6.2 Effect of Termination. In the event of termination of this Agreement by
either Highland Shareholders or ChinaNet as provided in Section 6.1, this
Agreement shall forthwith become void and there shall be no liability or
obligation on the part of any party hereto. In such event, all costs and
expenses incurred in connection with this Agreement and the transactions
contemplated hereby shall be paid by the party incurring such expenses.
6.3 Amendment. This Agreement may not be amended except by an instrument in
writing signed on behalf of each of the parties hereto.
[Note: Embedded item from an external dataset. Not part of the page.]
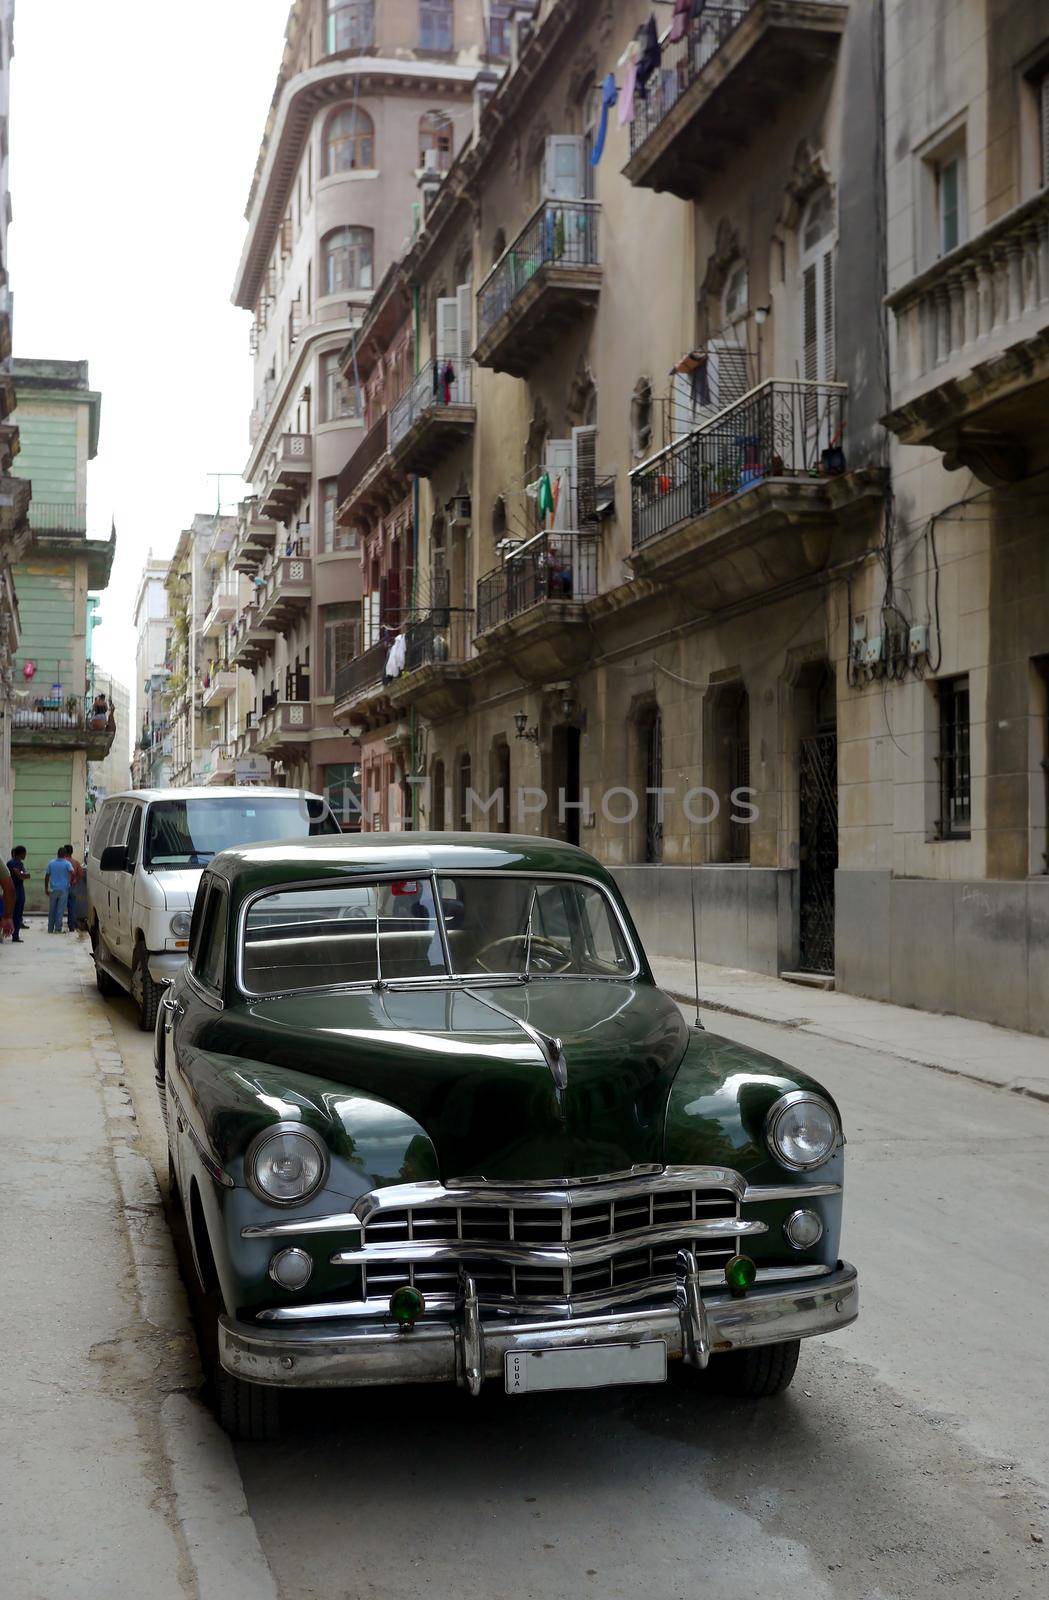 Classic old car in Havana, Cuba

6.4 Extension; Waiver. At any time prior to the Effective Time, the parties
hereto may, to the extent legally allowed, (a) extend the time for the
performance of any of the obligations or other acts of the other parties hereto,
(b) waive any inaccuracies in the representations and warranties contained
herein or in any document delivered pursuant hereto and (c) waive compliance
with any of the agreements or conditions contained herein. Any agreement on the
part of a party hereto to any such extension or waiver shall be valid only if
set forth in a written instrument signed on behalf of such party.
ARTICLE VII
GENERAL PROVISIONS
7.1 Survival of Representations, Warranties and Agreements. All of the
representations, warranties and agreements in this Agreement or in any
instrument delivered pursuant to this Agreement shall survive the Effective Time
for a period of two years from the date of this Agreement.
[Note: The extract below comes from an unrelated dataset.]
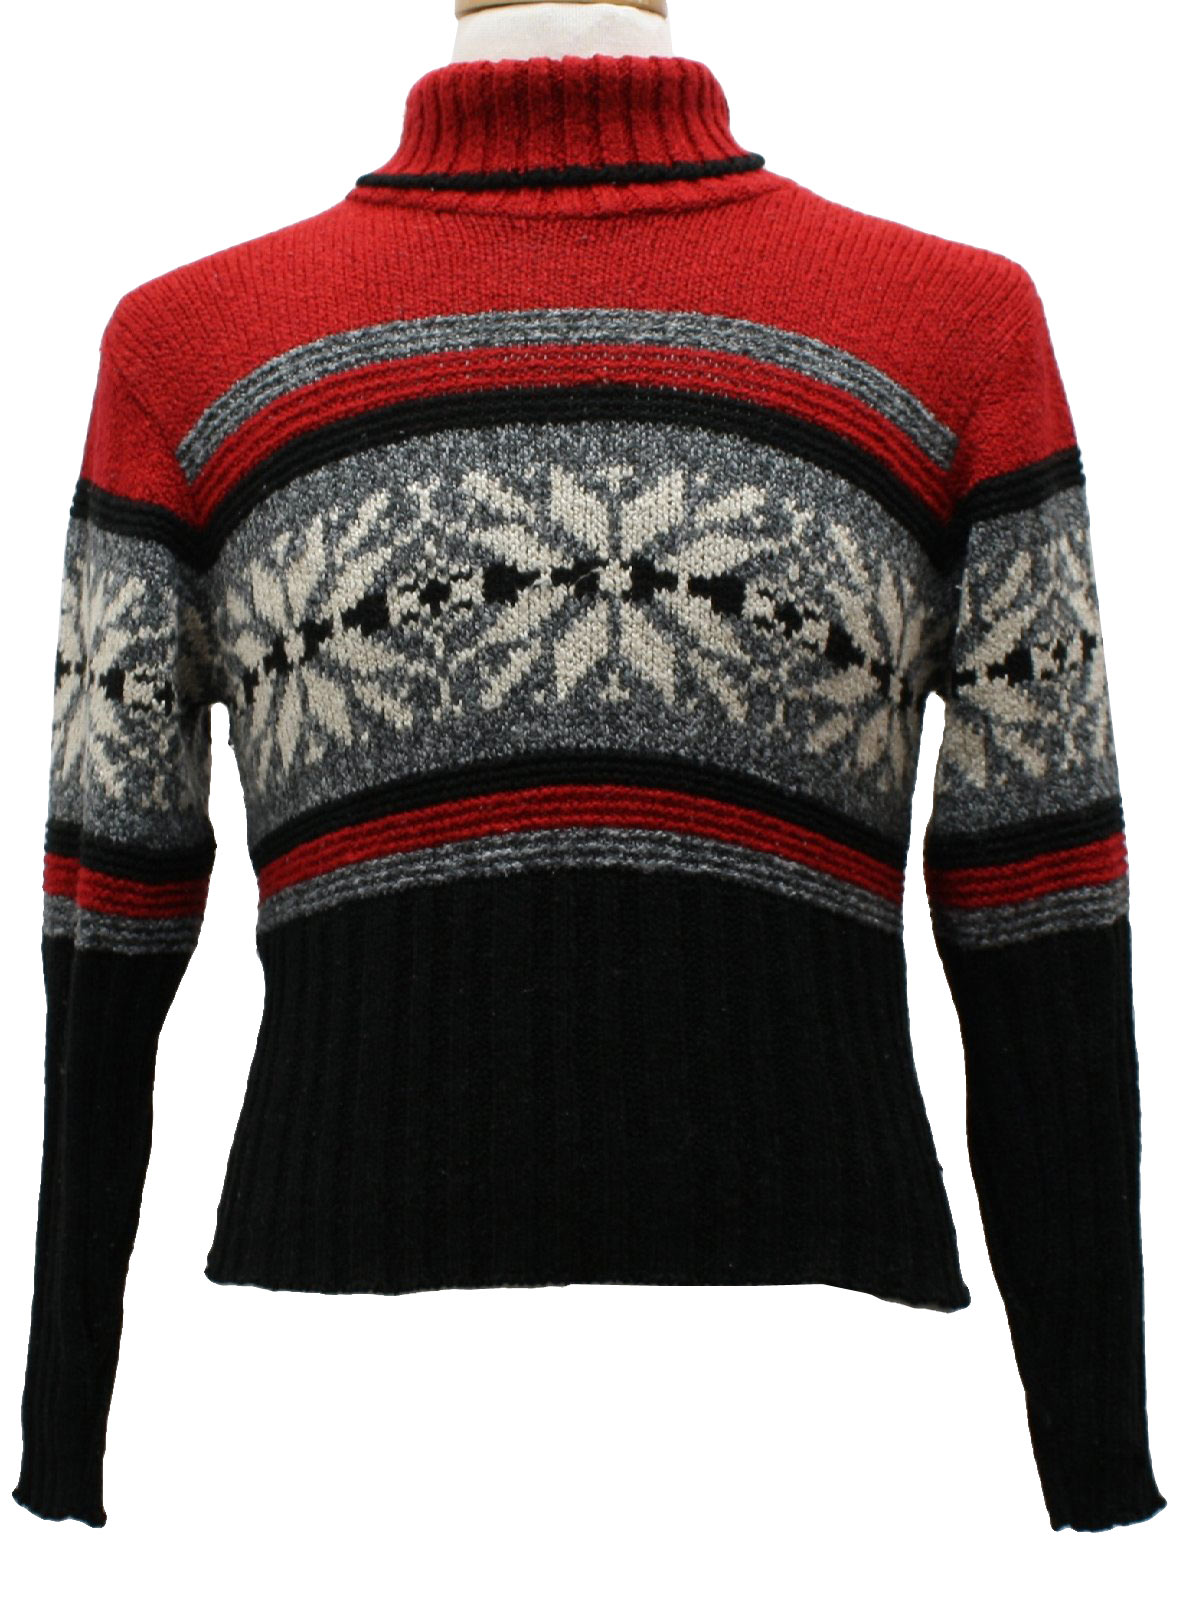 Womens/Girls Ugly Christmas Ski Style Sweater: -Sweater Project- Girls ...

7.2 Notices. All notices and other communications hereunder shall be in
writing and shall be deemed given if delivered personally, telecopied (which is
confirmed) or mailed by registered or certified mail (return receipt requested)
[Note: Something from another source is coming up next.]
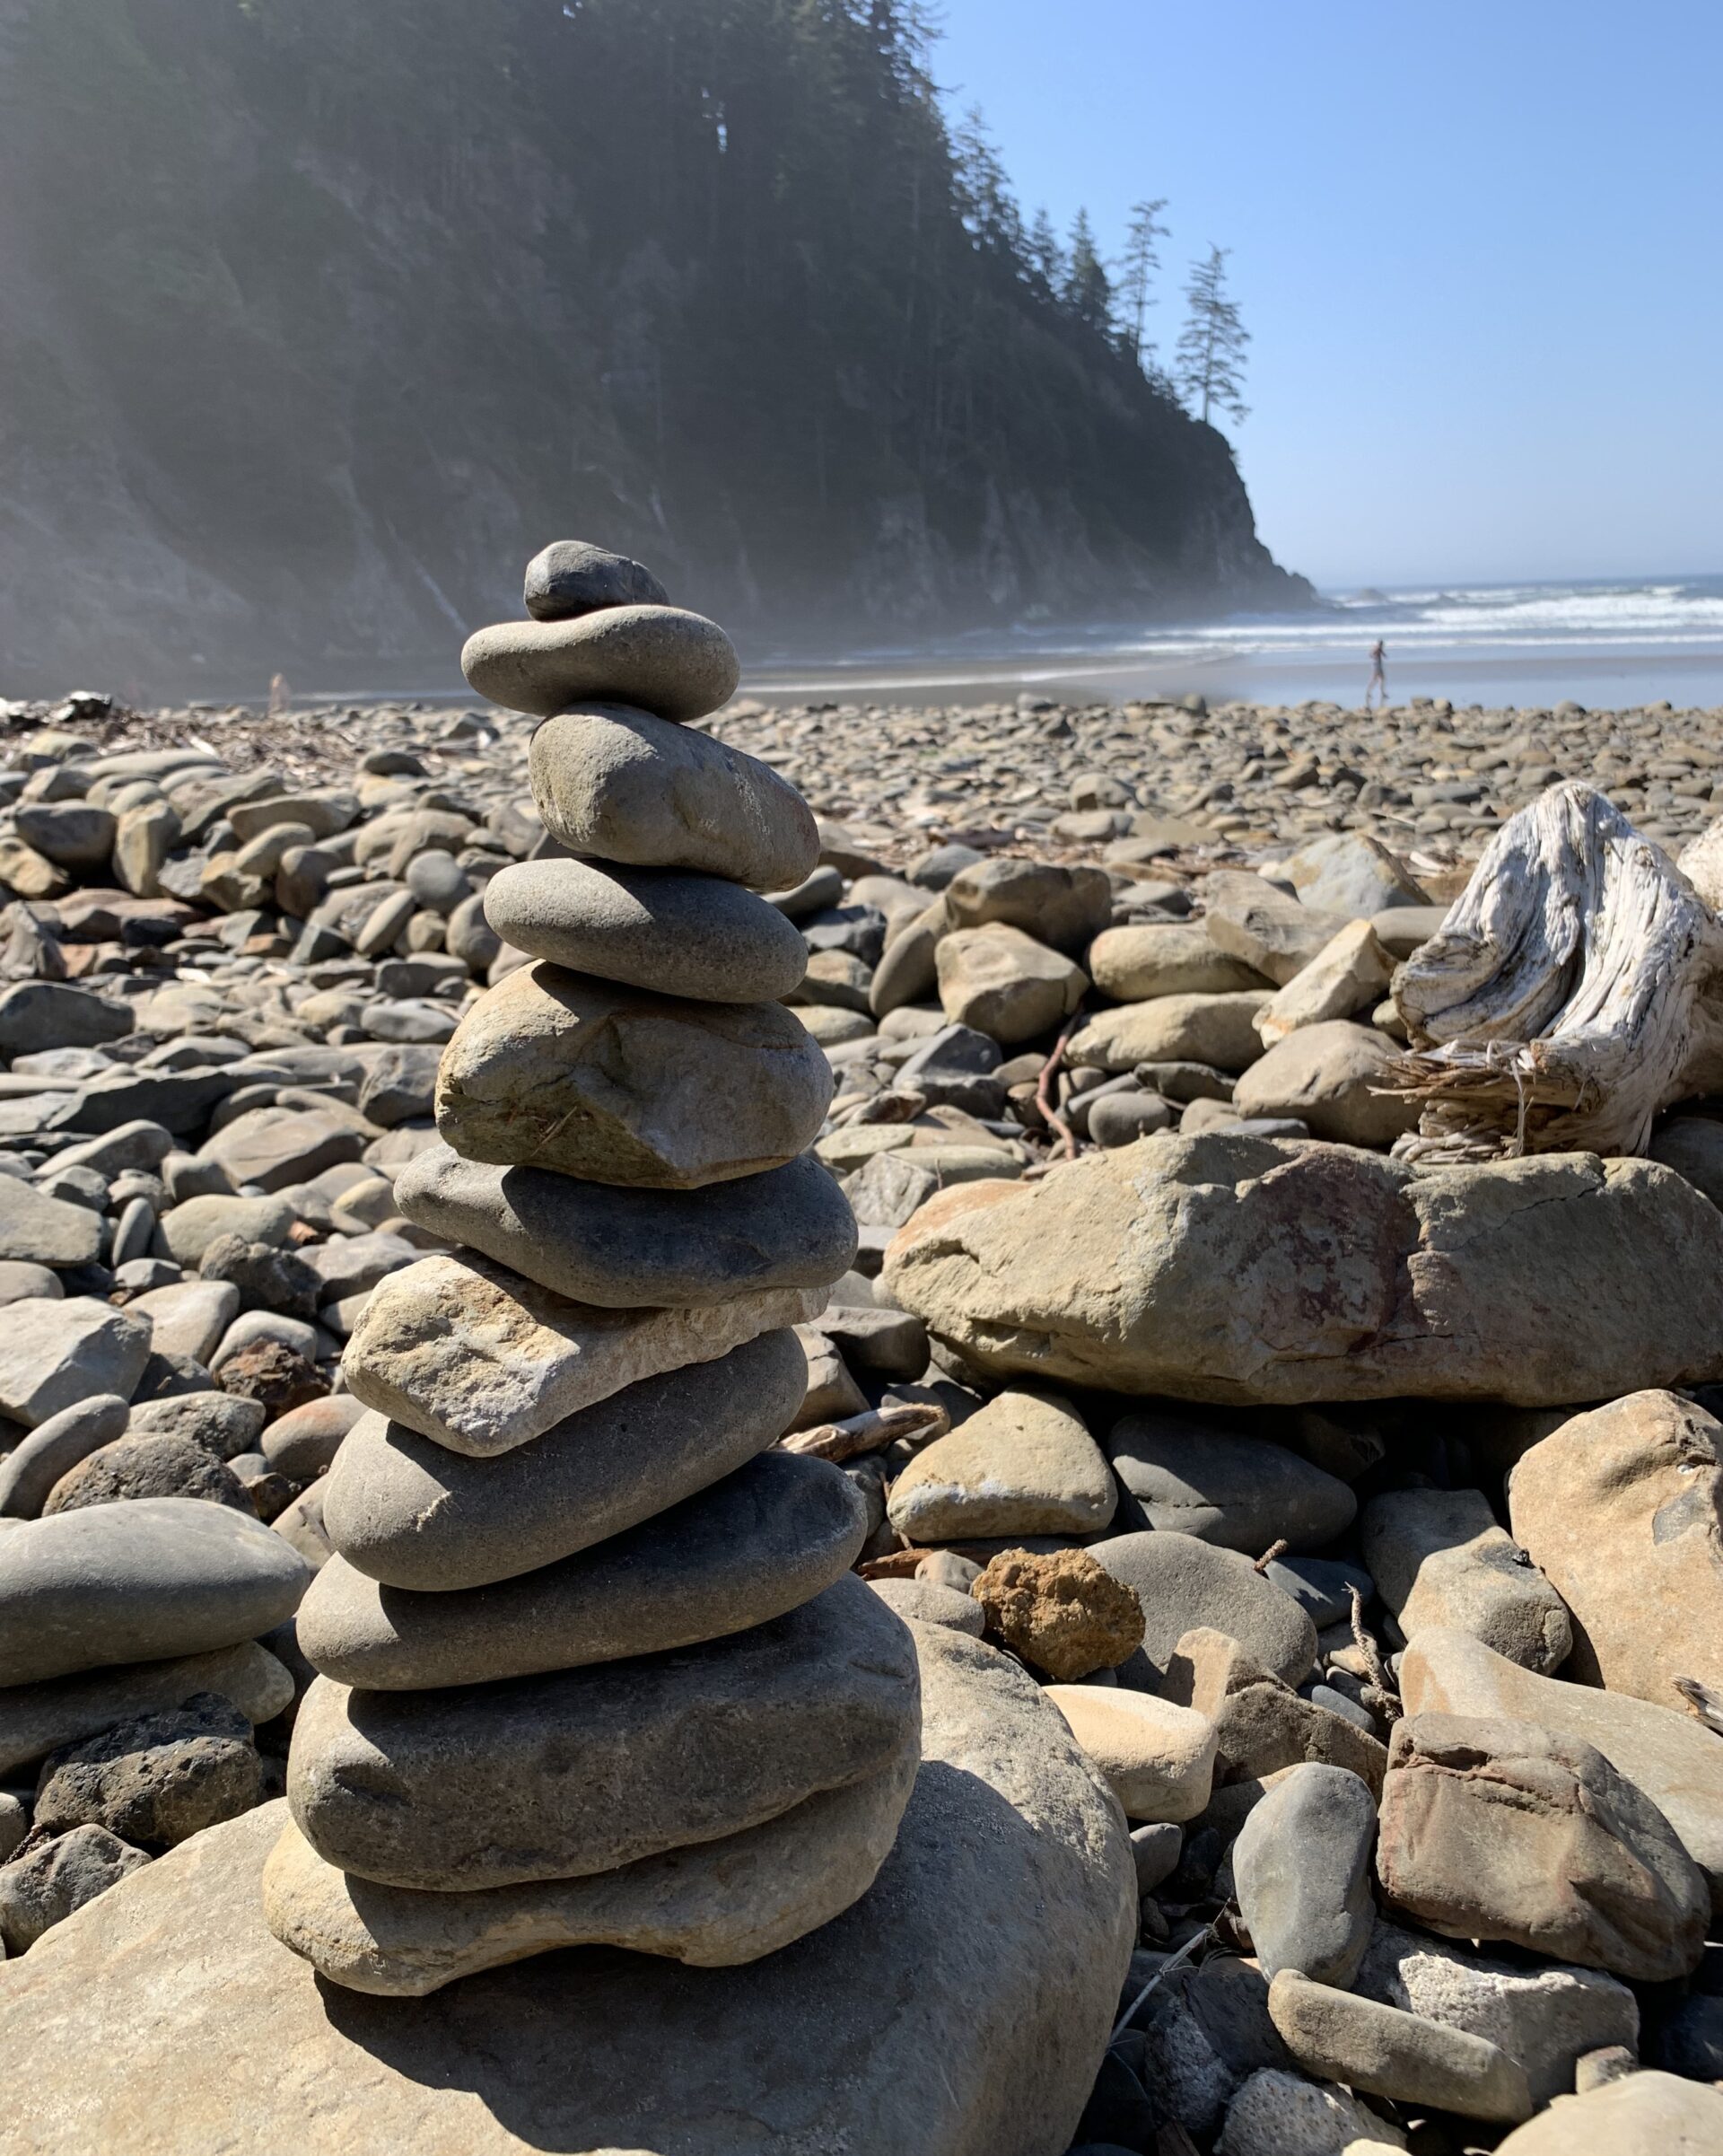 Zen rocks by the water; Meet IFS therapist Seth Auman

to the parties at the following addresses (or at such other address for a party
as shall be specified by like notice):
(a) If to ChinaNet to
ChinaNet Holdings Inc.
Attention: Xxxxxxx Xxxxxx, President
13
(b) if to Highland Shareholders, to
Highland Mining Inc.
Attention: Xxx Xxxx,
7.3 Interpretation. When a reference is made in this Agreement to Sections,
such reference shall be to a Section of this Agreement unless otherwise
indicated. The headings contained in this Agreement are for reference purposes
only and shall not affect in any way the meaning or interpretation of this
Agreement. Whenever the words "include", "includes" or "including" are used in
this Agreement, they shall be deemed to be followed by the words "without
limitation". The phrase "made available" in this Agreement shall mean that the
information referred to has been made available if requested by the party to
whom such information is to be made available.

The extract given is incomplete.